It wasn't because she "couldn't stand" the politics at the state level, it was because she wasn't wealthy enough to play the game.
Yeah, Tricky, there were lots of people dedicated to finding illegitimacy with other politicians' children.
Oh, wait...
Like John Edwards?
An important part is that John Edwards's case was true Regardless, there are no mainstream political bloggers out there flogging the dead horse of illegitimacy...except for Andrew Sullivan.
Oh, I'm not going to defend Sullivan. That guy is boring and nuts. Does anyone take that guy seriously?
The editors at the Atlantic who keep giving him a pretty prime blog spot do.
Not to mention his friends in the administration who refuse to deport him after being charged with a crime, as would happen to your average resident foreigner.
I didn't know that he actually emigrated to the Vermont Republic.
One place where I am a "bad libertarian" is that I do not think the HIV-ban for immigrants should have been lifted.
Wasn't the John Edwards story broken by the National Enquirer?
I think she's not corrupt, and I suppose that makes her stand out somewhat. On policy and typical political pandering, I agree with you, and a trip to her web page quickly confirms that.
John has a valid point, though. She's been singled out for harsh treatment that isn't typical at all, and is not warranted based on her politics. Why is that? She obviously represents some sort of serious threat. What is it?
Another interesting topic of discussion from the same NPR segment: Sara Palin uses a ghost writer for her twitter account. The host questioned, "but don't most politicians have other people post to their twitter and facebook pages?" Then everyone, the host included, agreed that Palin is different and dangerous, and we need to investigate who is writing these posts, and why, and to expose this dangerous activity.
There really must be some pathology at work here.
The best explanation for the left's bizarre Palin obsession is status-anxiety. Status-anxity occurs when a person believes that that their position in a real or imagined social hierarchy is threatened.
Status-anxity occurs most strongly when a group has no meritorious claims to their social position. The classic example would be the pre-WWII European aristocrats who inherited their wealth and position and who therefore had no right to status other than cultural inertia. Closer to home, the most vicious racist were poor and working class whites who knew full well that only racism kept them from being on society's bottom status tier. As long as all non-whites were judged inferior to any white person, a poor white person still had some status.
Prior to the 60s, the left could point to the real and imagined successes of the technocratic progressive era to justify their status. After the 60s, as the left as begun to fall behind the times and become less and less practically effective, they have become obsessed with maintaining their status by denigrating everyone else as stupid and immoral.
Since they have no meritorious indicators of a personal and group success, leftists are forced to fall back on the same standards employed by the European upper classes.

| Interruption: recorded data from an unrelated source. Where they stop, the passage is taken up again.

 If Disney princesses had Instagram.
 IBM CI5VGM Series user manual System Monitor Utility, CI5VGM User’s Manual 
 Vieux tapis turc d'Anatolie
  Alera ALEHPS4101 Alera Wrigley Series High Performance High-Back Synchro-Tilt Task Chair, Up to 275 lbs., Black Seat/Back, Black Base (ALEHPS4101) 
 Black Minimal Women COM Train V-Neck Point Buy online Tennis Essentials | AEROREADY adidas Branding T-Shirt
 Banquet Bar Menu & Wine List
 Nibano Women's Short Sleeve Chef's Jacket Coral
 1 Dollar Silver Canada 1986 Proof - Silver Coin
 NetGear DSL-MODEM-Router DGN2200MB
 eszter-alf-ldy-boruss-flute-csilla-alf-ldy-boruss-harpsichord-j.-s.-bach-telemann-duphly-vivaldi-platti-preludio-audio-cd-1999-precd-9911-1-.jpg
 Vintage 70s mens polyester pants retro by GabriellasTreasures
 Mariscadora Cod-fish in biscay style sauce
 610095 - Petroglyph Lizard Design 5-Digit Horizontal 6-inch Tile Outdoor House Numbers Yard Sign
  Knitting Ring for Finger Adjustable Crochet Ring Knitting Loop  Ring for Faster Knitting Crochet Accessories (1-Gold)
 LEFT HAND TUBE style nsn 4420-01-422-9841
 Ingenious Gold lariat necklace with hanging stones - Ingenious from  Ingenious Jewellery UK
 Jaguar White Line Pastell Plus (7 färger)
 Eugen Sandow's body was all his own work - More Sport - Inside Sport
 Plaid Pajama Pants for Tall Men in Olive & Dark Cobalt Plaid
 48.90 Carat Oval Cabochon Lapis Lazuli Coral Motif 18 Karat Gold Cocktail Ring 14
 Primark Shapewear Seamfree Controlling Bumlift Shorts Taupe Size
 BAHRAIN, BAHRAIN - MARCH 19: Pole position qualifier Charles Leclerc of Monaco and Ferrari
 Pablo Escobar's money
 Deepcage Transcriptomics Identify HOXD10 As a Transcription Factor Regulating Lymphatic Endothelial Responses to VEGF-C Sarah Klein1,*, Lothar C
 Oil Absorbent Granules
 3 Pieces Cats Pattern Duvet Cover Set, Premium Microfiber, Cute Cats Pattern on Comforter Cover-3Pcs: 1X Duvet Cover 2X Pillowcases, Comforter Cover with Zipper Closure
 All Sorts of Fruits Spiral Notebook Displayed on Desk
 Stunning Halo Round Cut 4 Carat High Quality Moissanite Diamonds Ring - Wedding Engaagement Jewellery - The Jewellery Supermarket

They demand that people go to the right elitist schools. They demand that people live in certain exclusive communities. They demand that people have the right recreational interest. They demand that people enjoy the same kind of art or music. They demand that people have the proper modes of speech, accent and allusion. They demand that people have the right religious beliefs. And so on.
On this basis Palin is a nightmare: She went to state college. She lives in the "backwoods". She likes hunting, fishing and sports. She likes country music and representational art. She doesn't have the right accent. She doesn't dress appropriately. She's a Pentecostal instead of atheist, Unitarian, Episcopalian etc.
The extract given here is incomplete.